A small bowel capsule endoscopy is an examination that views the inside of your small intestine (bowel). See Figure 1. It is commonly done if other tests and examinations cannot find the source of gastrointestinal bleeding. It also is done to help diagnose other medical conditions and diseases that involve the small bowel.
Figure 1. Digestive system. Small bowel (small intestine) is shaded.
This information explains what typically happens for a small bowel capsule endoscopy. If you have any questions or concerns about this information, talk with a member of your health care team.
Before the examination, talk with the health care provider who ordered this examination about possible risks. One risk is capsule retention. This means the capsule does not pass through the digestive system and may need to be removed with surgery or endoscopy.
You wear equipment (Figure 2) for the entire examination, which is either 8 or 12 hours.
The equipment includes:
• A recorder inside a protective carrier that is strapped over your shoulder.
• A sensor belt that you wear around your waist.
• A wire (antenna) that connects the recorder to the sensor belt.
Rarely, antenna patches are placed on the abdomen and secured with adhesive pads. A wire from each antenna patch connects to the recorder.
For this examination, you swallow a capsule that contains a tiny video camera and a wireless, radio transmitter (Figure 3). The capsule is about the size of a large vitamin. It is made of nontoxic material that is not affected by stomach acid and digestive enzymes.
The capsule moves through your digestive tract by normal intestinal muscle activity.
You will not feel the capsule pass through your digestive tract.
The camera has lights and enough battery power to take thousands of color pictures as it passes through your small bowel. Pictures are collected by the recorder.
Figure 3. The capsule
Your health care team helps you put on the equipment. The camera and radio transmitter in the capsule are turned on and tested. Then you swallow the capsule with a drink of water. The capsule’s coating, when mixed with water, becomes slippery and easier to swallow.
• Do not take off any of the equipment during the examination. You may loosen the sensor belt to go to the bathroom.
• Do not let any of the equipment get wet.
• Do not eat or drink anything during the first two hours after you swallow the capsule.
• Two hours after you swallow the capsule, you may drink water or any clear, colorless liquid that looks like water. This can include clear carbonated beverages, clear tea, white grape juice or clear broth.
• Four hours after you swallow the capsule, you may drink any liquids and eat a light meal or snack such as soup and a sandwich. Avoid seeds, nuts, fruits, vegetables or salads.
• You may resume your regular diet eight hours after you swallow the capsule.
• Do not take medications during the first two hours after you swallow the capsule unless told otherwise by your health care provider.
• Two hours after you swallow the capsule, you may take any necessary medications by mouth.
• If you have diabetes or take blood thinners and are unsure about when to resume taking your medications, talk with the health care provider who ordered this examination.
• You may leave the procedure area and move around.
• Do not exercise, engage in vigorous activities, lift heavy objects, bend, or stoop until after you remove the equipment at the end of the examination.
• Stay away from strong electromagnetic devices such as magnetic resonance imaging (MRI) or ham radios until after you pass the capsule.
• You may use computers, stereos, radios and cell phones.
• You may drive.
• You may return to work if it is compatible with the previously noted restrictions.
When to get medical help
Get emergency medical care if you have:
• Chest pain.
• New abdominal pain.
• Nausea or vomiting.
The End of the Examination
Usually, the capsule reaches the lower end of the small bowel in 8 to 12 hours and later passes with a bowel movement.

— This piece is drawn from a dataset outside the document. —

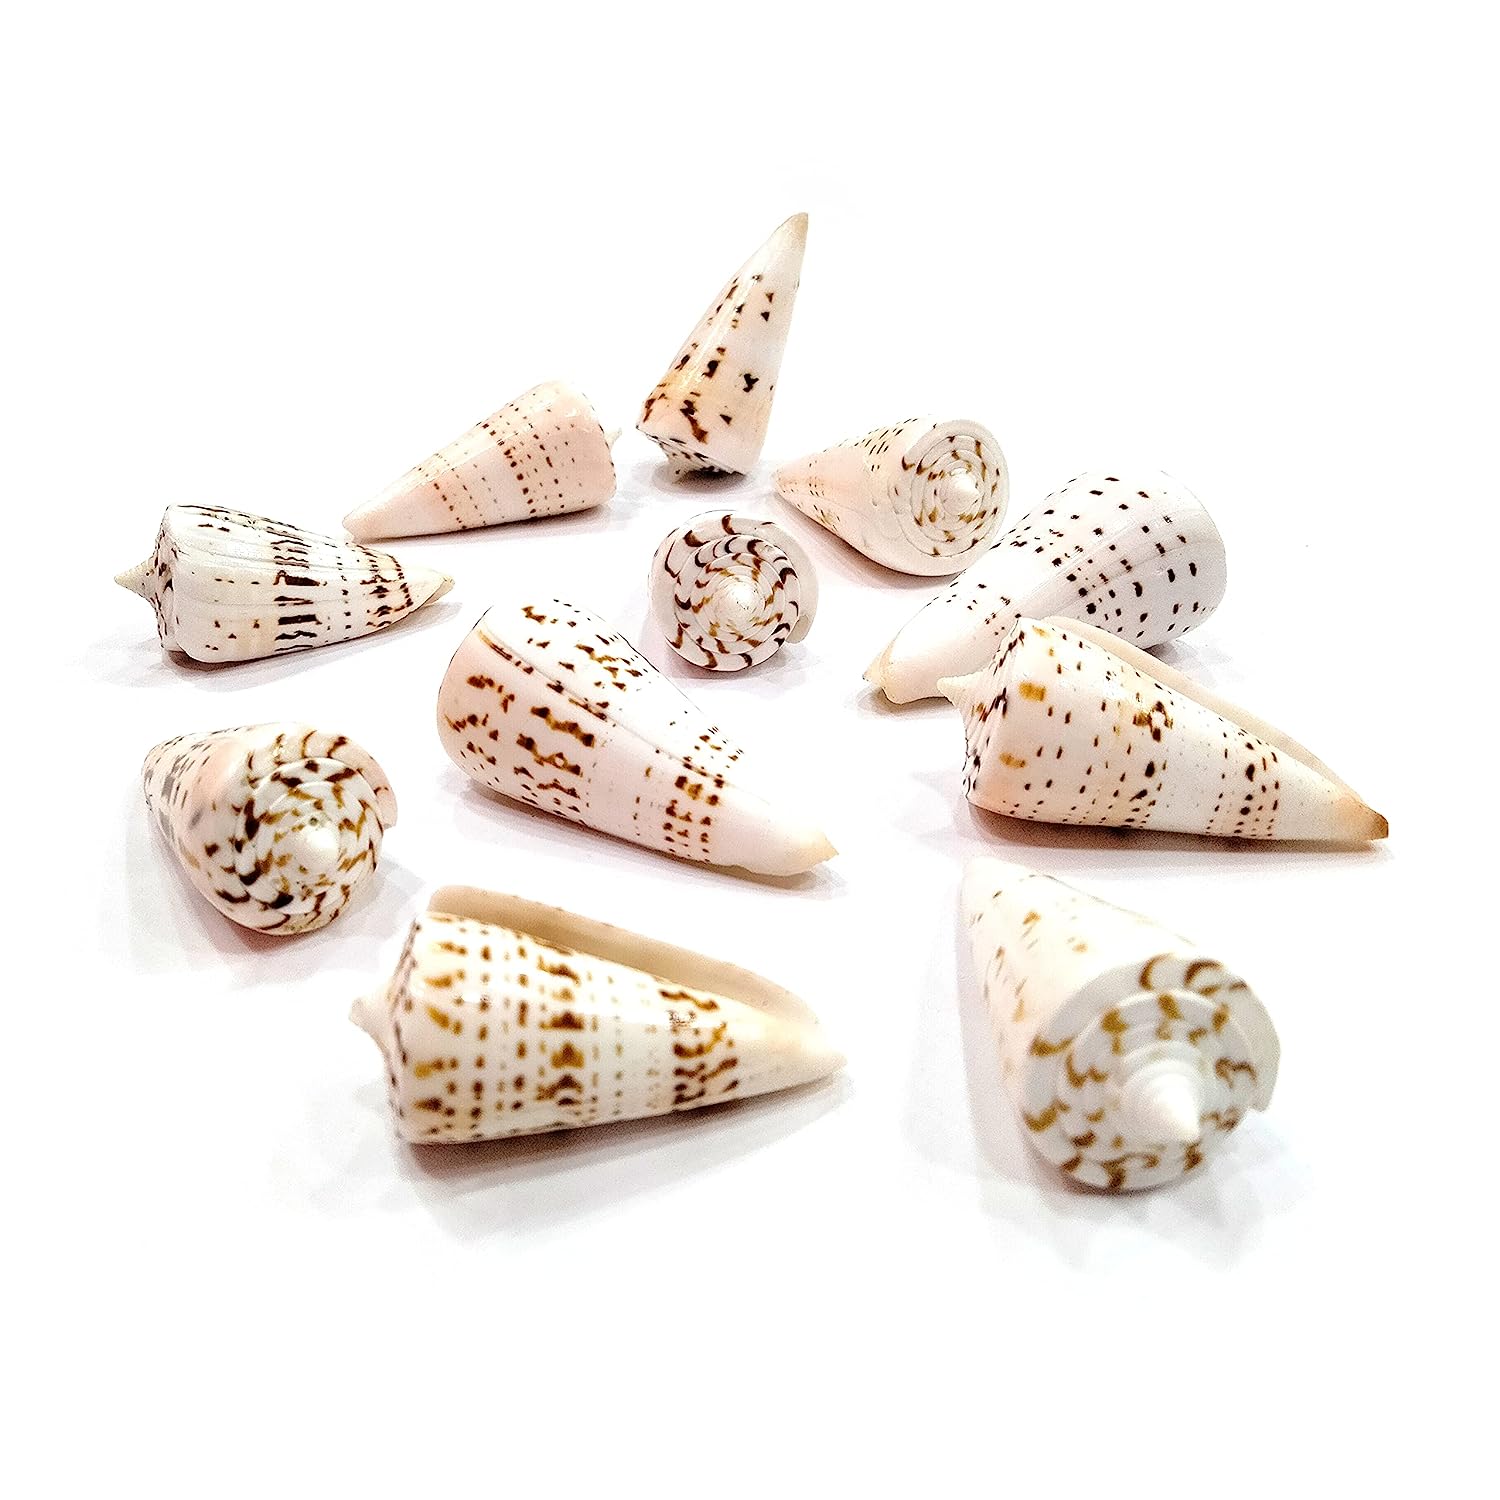 Seashell - Betullene - Leopard Cone - Conus Leopardus - Arts and Crafts - Aquarium - Valaipoo- Pack of 10

However, it may pass before 8 hours. Time varies because everyone’s digestive system is different.
If you see the capsule in the toilet before the time you were told to remove the equipment that is noted on page 5, remove all of the equipment and put it into the bag given to you. Do not retrieve the capsule from the toilet. You do not need to return it. You can safely flush the capsule down the toilet.
Otherwise, at the time noted on page 5, remove all of the equipment and put it into the bag given to you.
Bring the bag of equipment to the desk where you checked in for your small bowel capsule endoscopy. If you do this examination while staying in the hospital, leave the bag of equipment in your hospital room.
Pictures collected by the recorder are transferred to a computer and evaluated by your health care team. Talk with the health care provider who ordered the small bowel capsule endoscopy about how to get your results.
Possible Capsule Issues
If you do not pass the capsule within 12 hours, the capsule may take up to three days to move through your digestive system. You can safely flush the capsule down the toilet.
If you do not see the capsule in the toilet within two weeks, contact the health care provider who ordered this examination. You may need an X-ray to confirm the capsule is no longer in your body. If the capsule does not pass through your digestive system, it may need to be removed with surgery or endoscopy.
Do not have magnetic resonance imaging (MRI) until you are certain the capsule has passed; either you saw it in the toilet or an X-ray confirmed the capsule passed.